Cukup lama ia menatapku. Aku rasa ini terlalu serius hingga leherku sedikit agak pegal, aku berusaha mencairkan suasana dengan mengacak-ngacak poninya. Tapi ia menahan tanganku.

“Aku juga sebenernya gamau Zed bikin kamu kecewa. Tapi semakin aku nyaman sama kamu kayanya malah makin bikin kamu kecewa..” Baru kali ini aku melihat Devi serius.

“Loh kenapa?” Apa maksudnya kecewa, aku bahagia sama sekali tak kecewa.

Devi mengambil ponsel dari tas kecilnya. Aku menunggunya, dan mencoba mengartikan apa yang dimaksud dengan kecewa. Apa sesungguhnya dia seorang laki-laki atau apa?

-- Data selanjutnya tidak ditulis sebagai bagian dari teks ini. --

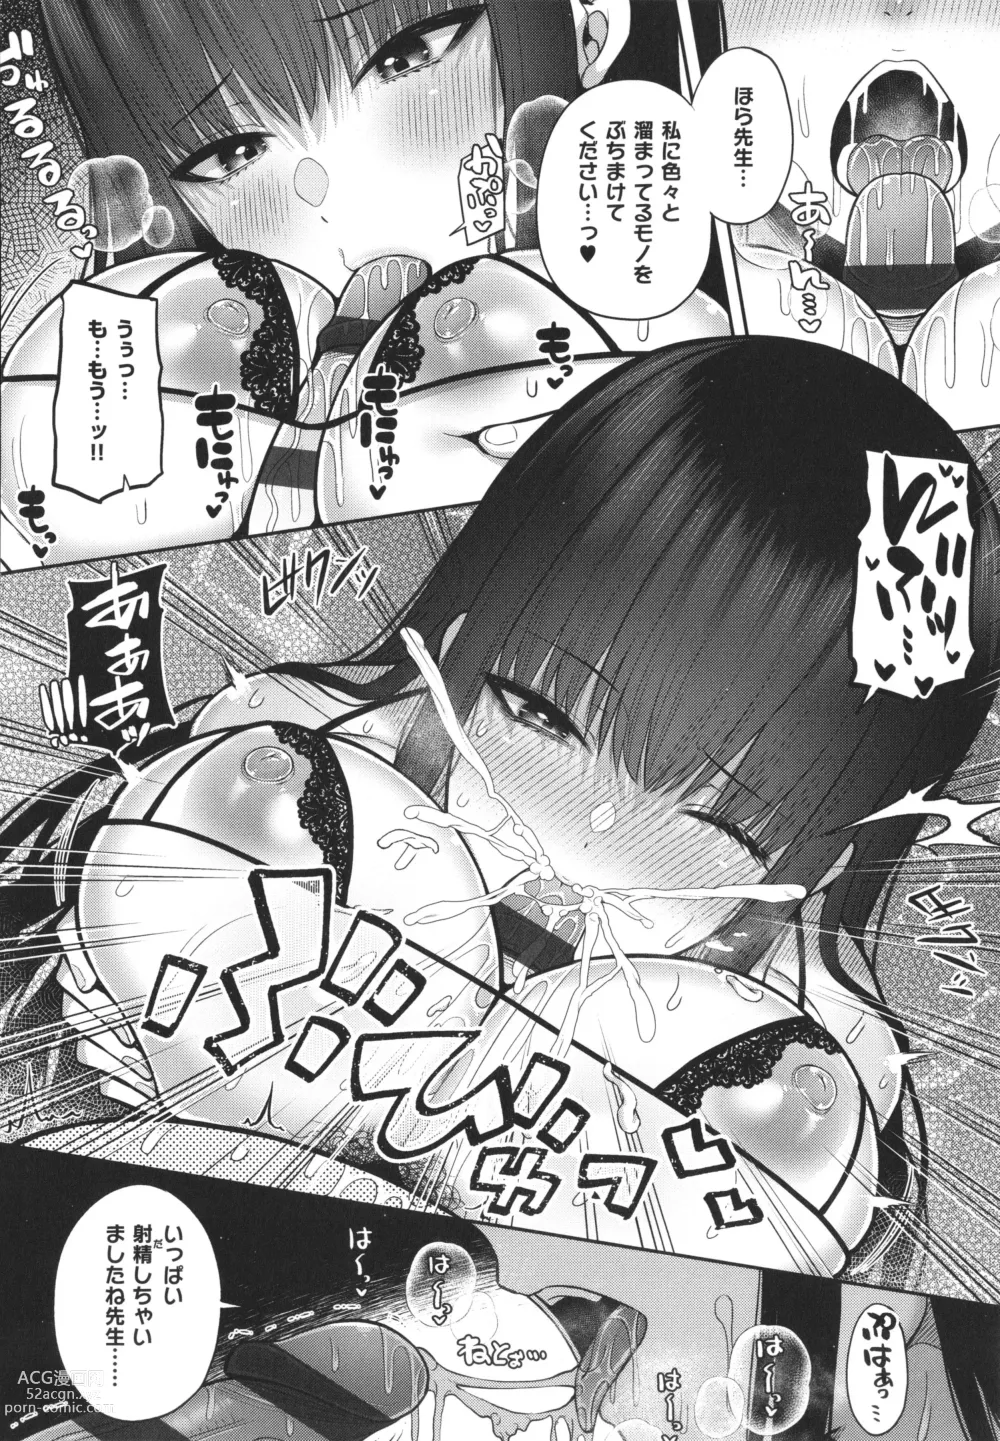 Page 249 of manga Enkou Shoujo wa Suki Desuka?
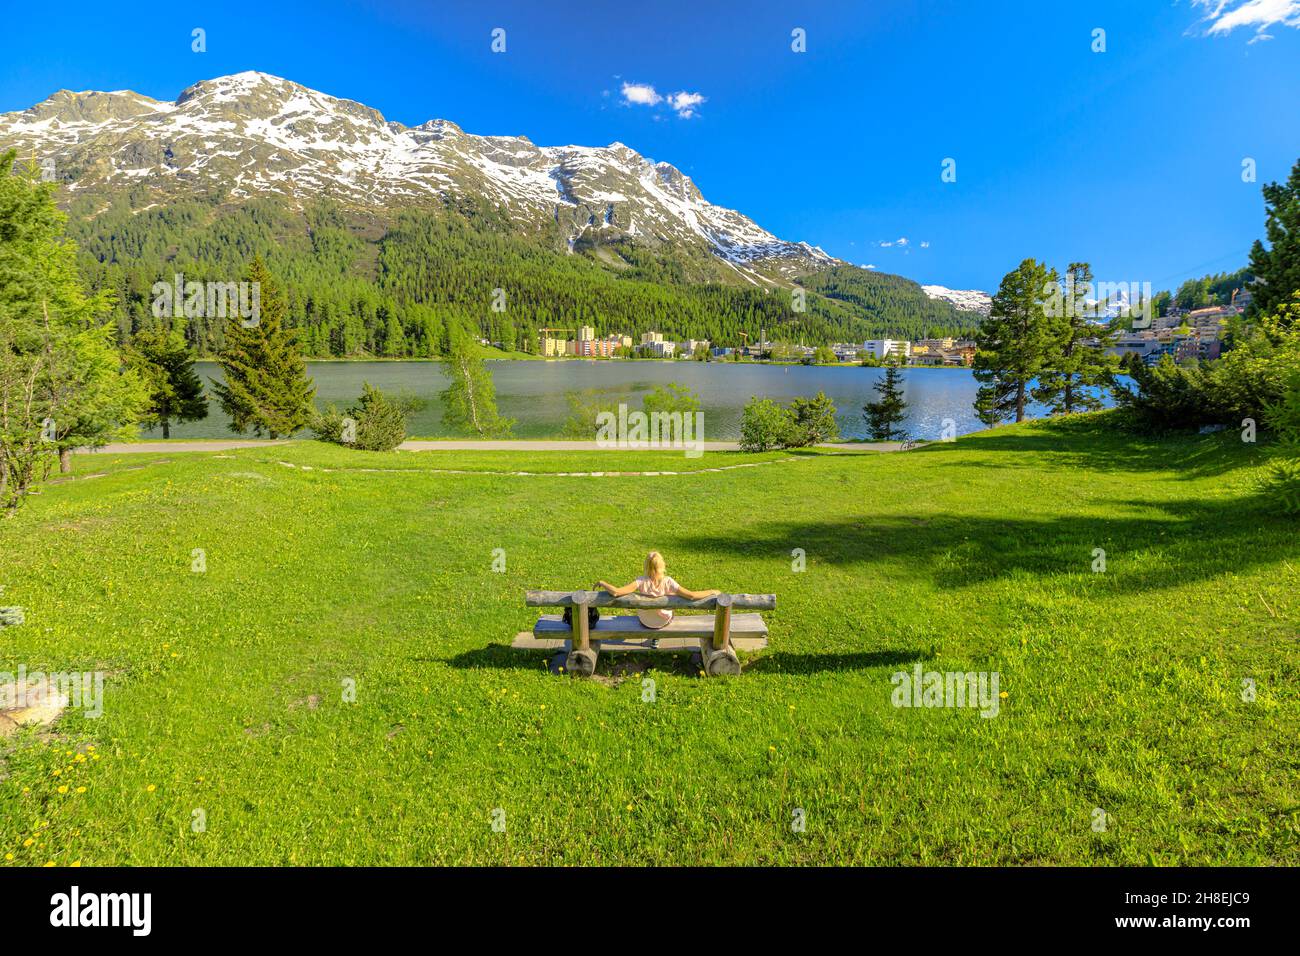 Voyageur femme assise sur un banc de parc de Saint-Moritz près du lac Saint-Moritz en Suisse.Le lac de Saint-Moritz dans le canton des Grisons, dans la région de Maloja. Banque D'Images

Lalu ia menyodorkan ponselnya padaku. Aku melihat foto seorang lelaki, berfoto dengan Devi, Devi dengan seragam sekolahnya dan lelaki itu menggunakan jas dokter. Ini kan foto waktu penyuluhan gigi di sekolah beberapa bulan, lalu maksudnya apa?

“Maksudnya apa?” Tanyaku.
Devi diam sejenak.
“Kamu sakit gigi?” Tanyaku semakin tak mengerti.
Devi menggeleng, matanya sekarang seperti memohon padaku untuk tidak bertanya lagi. Tapi aku benar-benar tak mengerti apa maksudnya semua itu.

“Dia kak Jerry...”
“Aku sama dia udah jadian dua bulan lalu...” Lanjut Devi pelan dengan sorot mata penuh maaf.

Aku hanya bisa diam memandangi Devi, detak jantungku malah semakin melambat. Tanganku terasa lemas bahkan kepalaku menjadi berat. Sejatinya memang benar, Devi adalah pemilik hatiku yang hatinya tak pernah kumiliki. Aku kecewa benar, kenapa tak dari awal ia jujur. Kenapa ia membuat aku merasa sangat istimewa, kenapa tak sejak awal dia bilang kalau aku tak berhak untuk selalu di sampingnya. Pantas saja Kak Ditha bilang jangan terlalu serius dengan Devi. Ya, aku memang sudah dibutakan dengan segala rindu dan harapanku.

“Tapi Zed, setelah ini juga aku gamau kehilangan kamu. Aku emang jahat, tapi kalo aku sayang kamu juga gimana?” Tanyanya.

Aku berusaha menenangkan hatiku dulu sebelum menjawabnya, jangan sampai kalimat bodoh keluar dari mulutku ini.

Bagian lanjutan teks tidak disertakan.